Evitare la comunicazione distorta. Ma qual è lo scopo della presenza del Paziente Esperto all’interno ricerca clinica? «Io consiglio a tutte le persone motivate di seguire questo corso Eupati perché ha una doppia valenza», risponde Merlino: «è utile sia per sé che per gli altri. Per sé stessi perché si possono prendere decisioni più consapevoli in ogni fase della malattia e ci si può difendere anche dalle fake news, pericolose per la salute (in rete siamo bombardati da informazioni, ma bisogna anche avere gli strumenti per verificare le fonti). È normale, da malato, cercare il confronto con altri pazienti, ma se non si è attrezzati per poter comprendere quello che un medico spiega, seppure chiaramente, si può capire male e riferire ad altri in modo incompleto o scorretto, innescando un circolo vizioso. Si crea insomma una comunicazione distorta, nasce confusione e tutto questo è pericoloso. Ritengo però importante che il paziente, per quanto informato, non potrà mai sostituirsi a un medico, a un ricercatore. Il paziente può dare il proprio contributo, divulgare concetti che possono essere un poco ostici, non così intuitivi, con parole chiare e semplici, ma per farlo deve possedere tutti gli strumenti. Poi, se è bene informato, è anche più aderente alle terapie».

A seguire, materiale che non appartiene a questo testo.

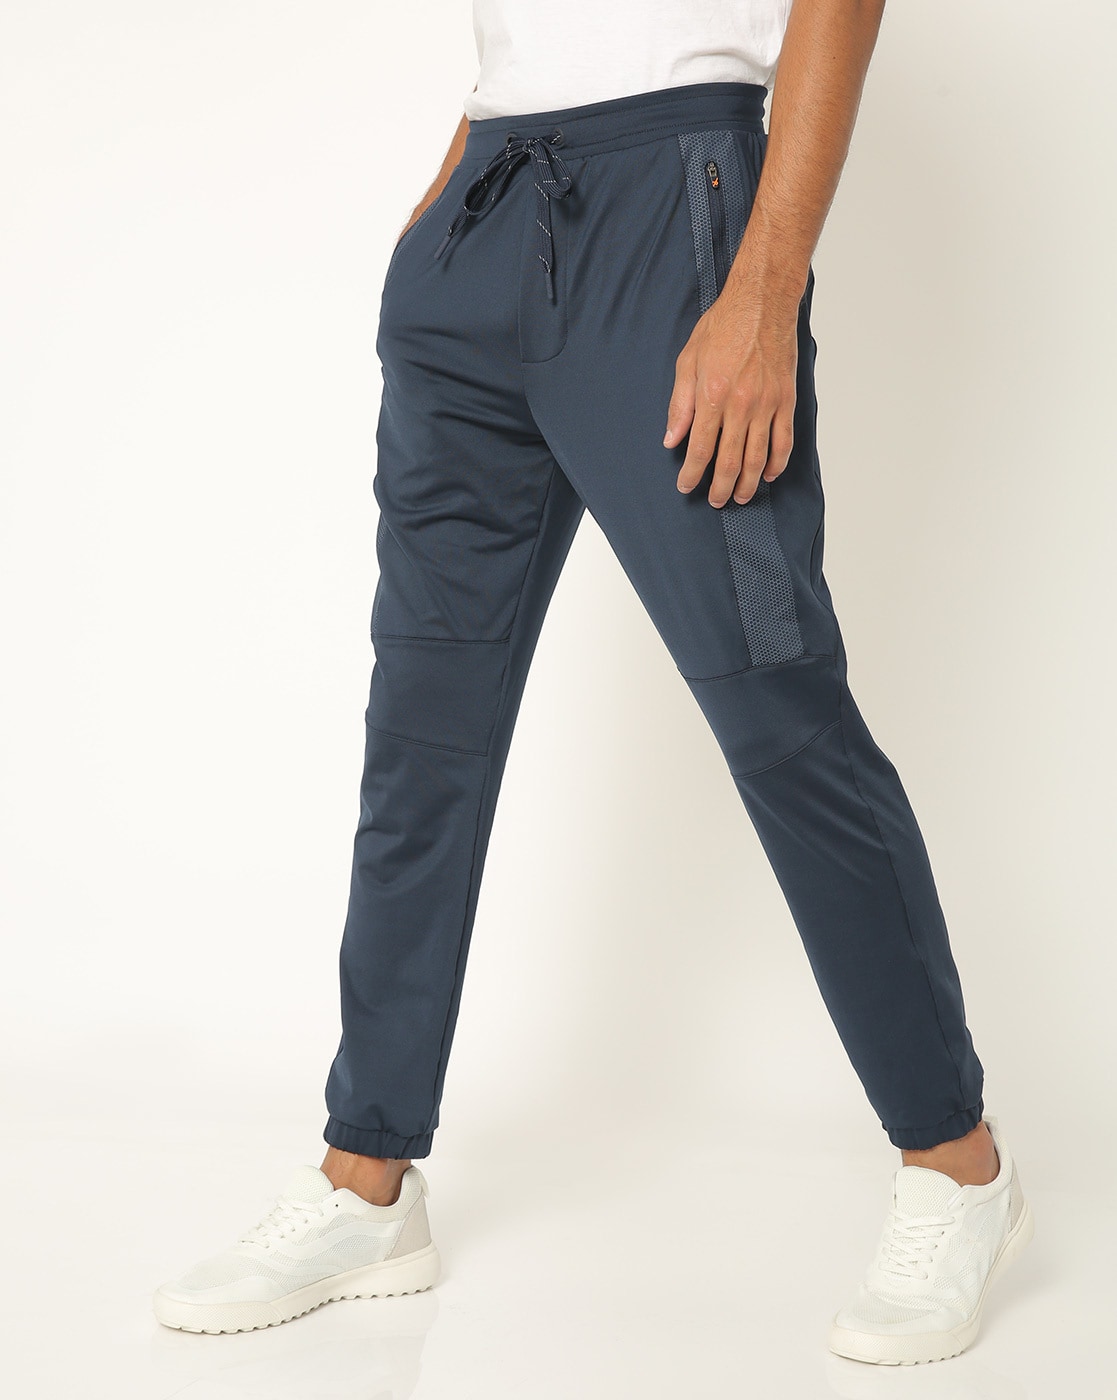 Buy Jockey Easy Movement Track pants  Charcoal Melange at Rs999 online   Activewear online

Incentivare la raccolta fondi. «Bisogna sensibilizzare il più possibile in merito alla ricerca clinica – auspica infine Merlino –. Nel ’22 non avrei mai potuto pensare di occuparmi di qualcosa che non fosse direttamente legato alla mia malattia. Certo la mia diagnosi è pesante e ne sono consapevole; la mia vita è cambiata, però ho ripreso a fare tutto quello che facevo prima: continuo l’attività sportiva, ho ripreso l’Università con ottimi risultati, mi batto per le cause in cui credo, le porto avanti… E tutto questo grazie alla ricerca, che mi ha permesso di prendere dei farmaci mirati che fino a qualche decennio fa non esistevano. Il destino di molti tumori era completamente diverso, adesso la prognosi dei pazienti è del tutto rivoluzionata grazie al progresso scientifico, mentre le cure per altre malattie sono rimaste un po’ indietro perché sono rare e ricevono meno fondi. Quindi non resta che sensibilizzare le istituzioni a devolvere fondi per far avanzare la ricerca. E, come amo dire io: più ricerca, maggiori possibilità di opzioni terapeutiche, più vita!».

di Giovanna Tettamanzi

L’obiettivo dell’Accademia

«Il nostro scopo è rendere pazienti e caregiver più consapevoli e competenti rispetto ai processi di ricerca e sviluppo dei farmaci, affinché possano partecipare in modo attivo e informato», afferma Dominique Van Doorne (Tesoriere e Responsabile Scientifico Accademia EUPATI). «Questo significa lavorare alla progettazione di contenuti educativi, collaborare con istituzioni, ricercatori e stakeholder del sistema salute e promuovere una cultura della partecipazione».
Dal 2014 l’Accademia ha formato pazienti e caregiver attraverso il corso per Paziente Esperto EUPATI, rendendoli attori consapevoli e interlocutori strategici nel panorama sanitario, capaci di contribuire già nelle fasi iniziali degli studi clinici, migliorandone qualità ed efficacia. Si avvale di un ampio network composto da Associazioni Pazienti, aziende farmaceutiche, accademie, centri di ricerca e media. Il progetto della formazione specialistica ad alto livello nasce in Europa nel 2012 e poi viene introdotto in Italia grazie appunto all’iniziativa di AdPEE. Si tratta di un programma formativo che dura 10 mesi: prevede 220 ore in modalità e-learning, 20 ore in presenza e 2 incontri con relatori di alto profilo. Il corso, intitolato Patient Engagement in Ricerca e Sviluppo delle Terapie Innovative, è stato realizzato con il supporto di AIFA, il patrocinio dell’Istituto Superiore di Sanità e il contributo non condizionante di importanti aziende farmaceutiche. Per info: www.accademiadeipazienti.org; e-mail: team@accademiadeipazienti.it.         G.T.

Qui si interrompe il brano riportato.